US President Donald Trump’s administration has thrown the aid industry into a panic with suspension a week ago of his country’s charity arm, USAID.
It has been reported since, that billions of dollars have
been put on ice, thousands around the world will be out of a job and millions
of beneficiaries are looking forward to a very uncertain future.
Created in 1961 by the John F. Kennedy administration, USAID
has been involved in supporting, among other things global health, food
security, democracy and governance initiatives.
The Trump administration accuse them of being fat and lazy
and even worse, of being corrupt and money launderers. Allegations have been
rehashed of how only a fraction of the aid actually reaches the intended beneficiaries,
with the bulk of it going to administration, procurements and high living.
For these and many more accusations, the aid industry has
come under heavy criticism for decades. These accusations are not new or unique
to USAID.
The industry’s record has been spotty at best and dismal at
worst.
"For instance since the 1960s Africa has been a recipient of
more aid than the Marshall plan, that reconstructed war torn Europe after the
second world war, but remains riven with poverty, disease and war...
Aid campaigners would blame that on poor governance on the
continent. On the flip side others would argue that bad governance on the
continent is a direct result of over reliance on aid. A situation that did not
arise by mistake.
The history of development shows that countries advance by mobilizing
their own resources – land, labour and capital, to improve the living standards
of their people. This has forced governments to move from autocratic monarchies
to more inclusive democracies, as the political elite had to negotiate with the
people to pay taxes to finance development.
The monarchs of Europe thought they would have their cake
and eat it, taxing their subjects to finance their lifestyle and questionable
wars, without being accountable to the people. They did this for a time –for centuries,
before the people rose up and said enough is enough. Many monarchs paid with
their heads for resisting the new power sharing arrangements with their
subjects.
The lesser developed countries of Africa were promised they
could short circuit this development process by first colonizing us and then in
post-colonial Africa, by providing us with aid.
In hindsight aid has not been about transforming society or
development, but about influence peddling. Aid has been the carrot that kept us
in line. And as long as we kept in line, it mattered little what our leaders
did with the money, hence the eruption of corruption in post-independence Africa
and the lack of economic transformation.
Aid has given African governments a free pass not to develop
relationships with their people (democracy), by abrogating funding responsibility
to the aid industry. That is why for instance we are tearing our hair out
because USAID was a central player in the health industry and their departure
is an existential threat for many.
It is easier to fly to Washington (per diems all around) and
negotiate for more money than it is to negotiate with your population to pay more
tax.
The truth is we have been lulled into a false sense of
security with all this aid sloshing around.

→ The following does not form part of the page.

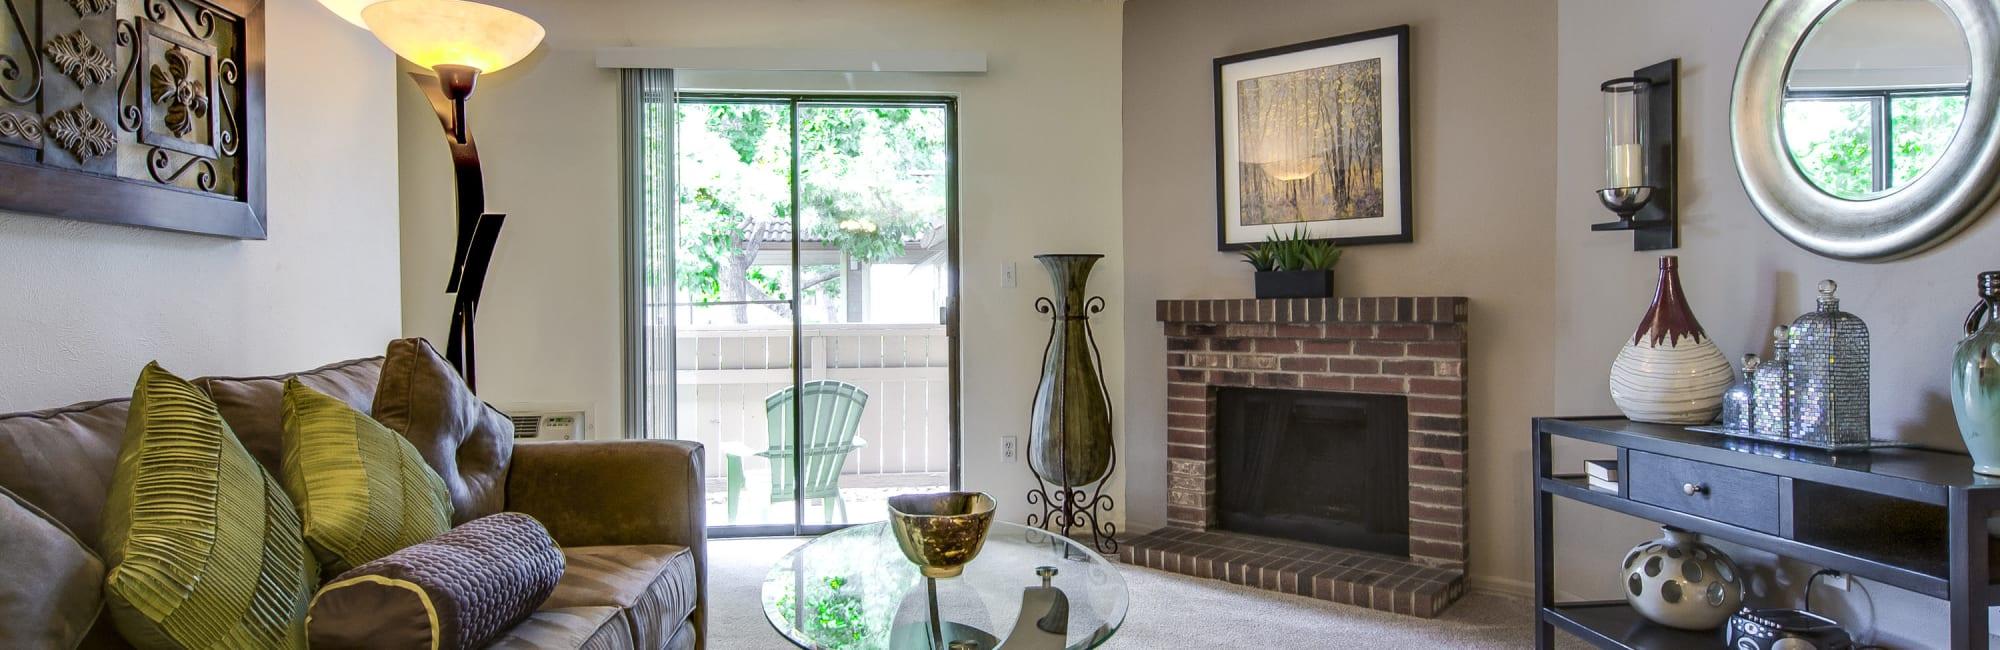 Apartments at Santana Ridge in Denver, Colorado

Shortly after the NRM came to power there was a school
feeding program instituted because, coming out of war, harvests were not the
best. By 1990 it was determined we did not need that food aid any more. I
remember the end to that food aid – mainly chicken curry and tinned fish,
almost caused strikes because the school kids had developed a taste for the
tinned food and could not imagine living without it.
Today its inconceivable Uganda would need food aid, but one
can see how dependency could have been easily created.
The suspension and possible closure of USAID should be cause
for soul searching.
"We need to ask ourselves how a foreign entity can be so
central to the health of our people? An entity, which on the face of it, may
have altruistic motives but is susceptible to the political vagaries of a
country for who our welfare is not top of their agenda?
The record will show that aid is insidious in its creation
of dependency. Because we have aid we cannot marshall home grown remedies to
our lack of revenues to finance our development. Why think hard when someone is
falling over themselves to throw money at you.
I am not hopeful, but this event should make us take a long
overdue look at how we can mobilise our own resources and how we prioritise the
expenditure of those resources.
But as I said I am not very hopeful, especially since USAID or
a variation of it, will return within the year.